Entah kenapa saya memiliki sensitivitas yang agak lebih tinggi dari kebanyakan orang. Sejak SD sudah bersinggungan dengan hal-hal seperti ini, terutama musibah atau kematian. Duluuu… pernah suatu ketika saya mengatakan ‘hati-hati di jalan’ kepada seorang sahabat yang safe-driver yang mau mudik, satu hal yang tidak pernah saya ucapkan kepada dia dan pagi itu terlontar begitu saja. Besoknya, sang sahabat cerita dia tabrakan tapi Alhamdulillah dia baik-baik saja. Sampai sekarang, ucapan yang sangat umum itu hampir selalu berhenti dibibir saya dan tak terucapkan. Mending doa yang lain saat berpisah dengan orang lain…

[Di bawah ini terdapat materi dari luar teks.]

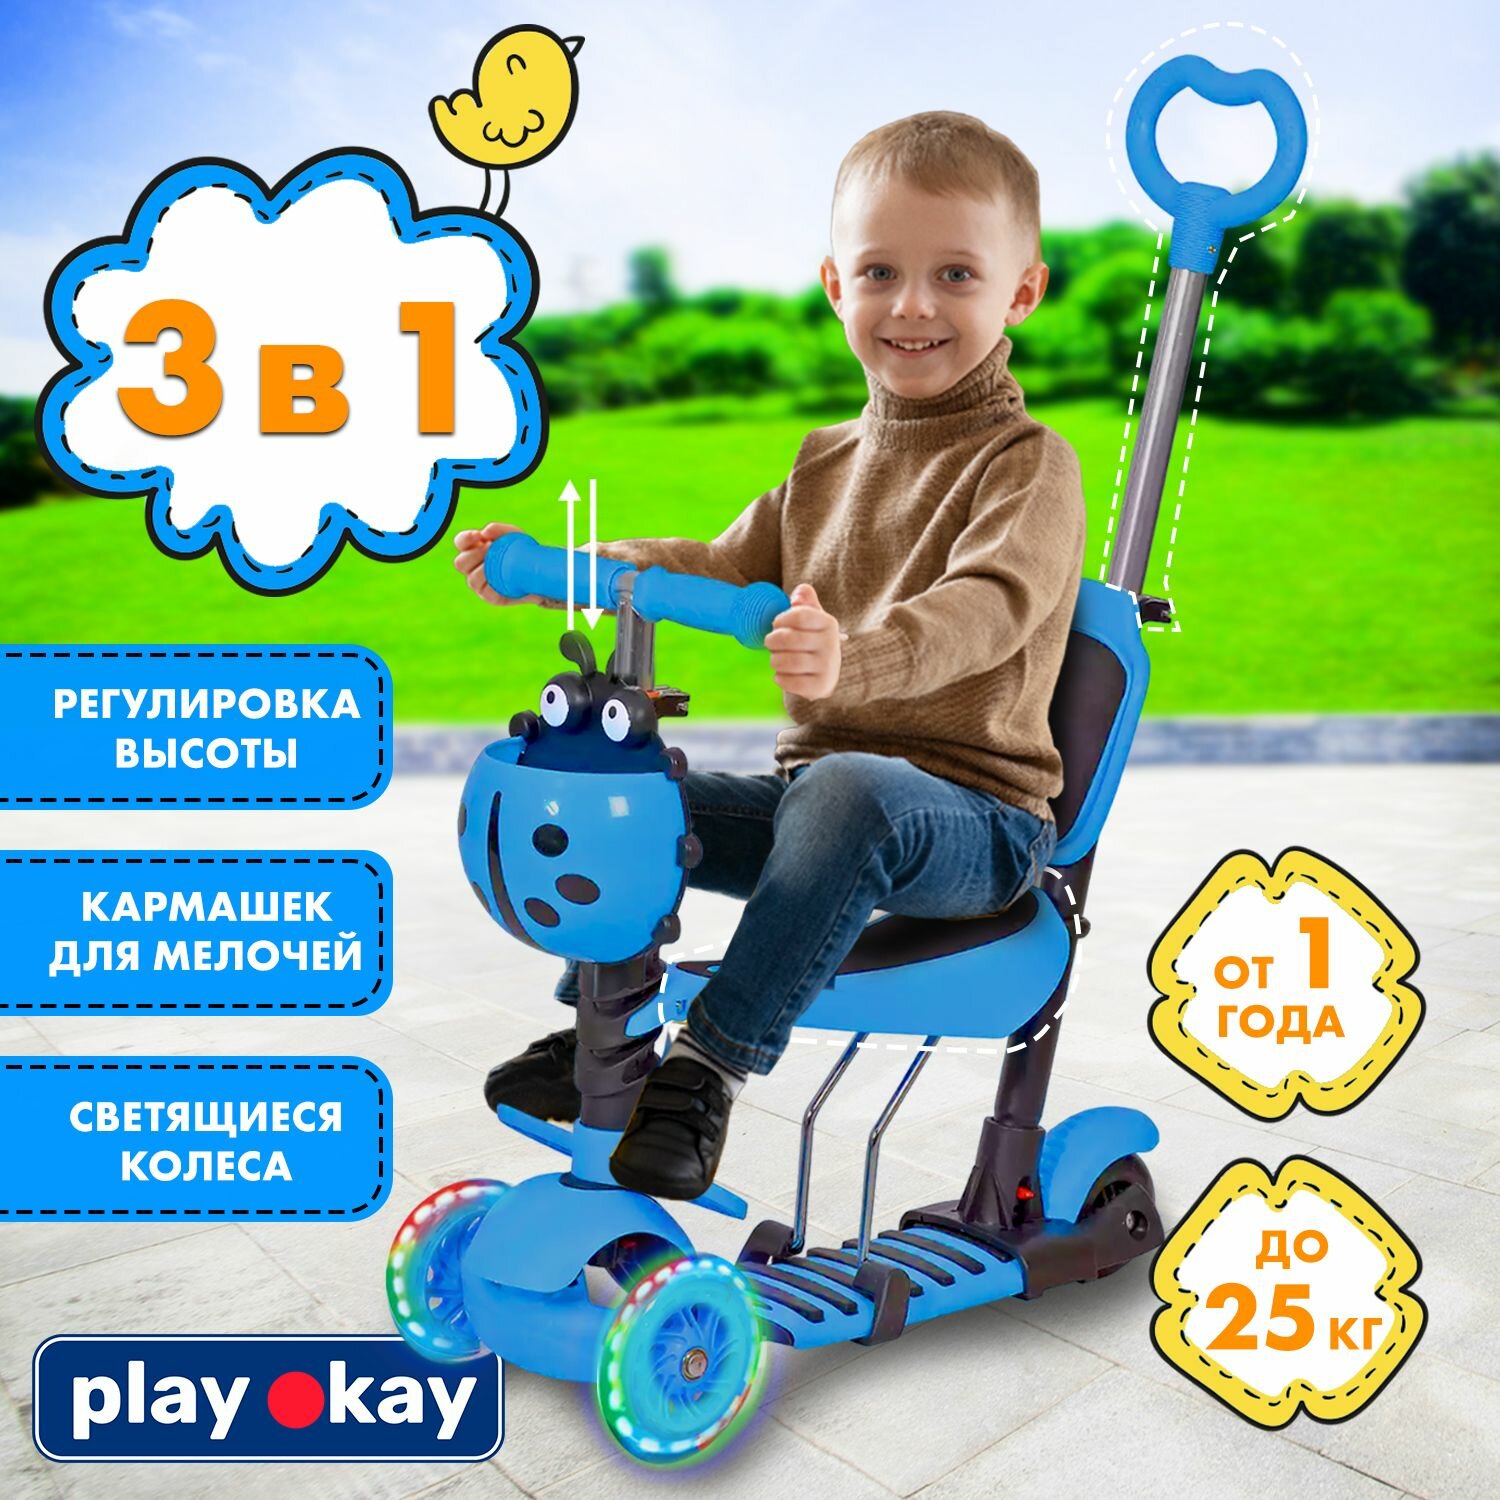 Самокат трехколесный детский с сиденьем и ручкой Play Okay H23060701 трансформер 3 в 1, для мальчика и девочки, регулировка высоты ручки, светящиеся колеса, корзина для мелочей ребенка, голубой

Yang lebih tak menyenangkan saat berhubungan dengan kematian. Biasanya benak saya dipenuhi dengan situasi berkabung, jika ada orang yang saya kenal akan menghadap Tuhan, walaupun saya tidak mengetahui pasti siapa orangnya! Biarpun saya sedang pesta atau senang-senang, gambaran di pikiran itu tidak berganti ditambah perasaan seakan-akan berada di tengah-tengah situasi berkabung itu. Tidak nyaman sama sekali dan asli, beraaat… Tau kan rasanya saat berada dalam situasi perkabungan dan hal itu terasa berhari-hari bisa seminggu lebih lalu berhenti setelah kejadian. Biasanya saya hanya mengangguk-angguk sendiri kayak sapi menyadari semua tanda itu, oh itu, oh dia… Semakin dekat hubungan keluarga, semakin berat. Saat bapak kos meninggal dunia, hampir seminggu lamanya benak saya dihiasi dengan gambaran penuh kesedihan itu yang membuat saya tidak bisa tidur.

Sampai akhirnya saya merasa tidak sanggup untuk itu dan berdoa agar diberi kekuatan dan ketenangan.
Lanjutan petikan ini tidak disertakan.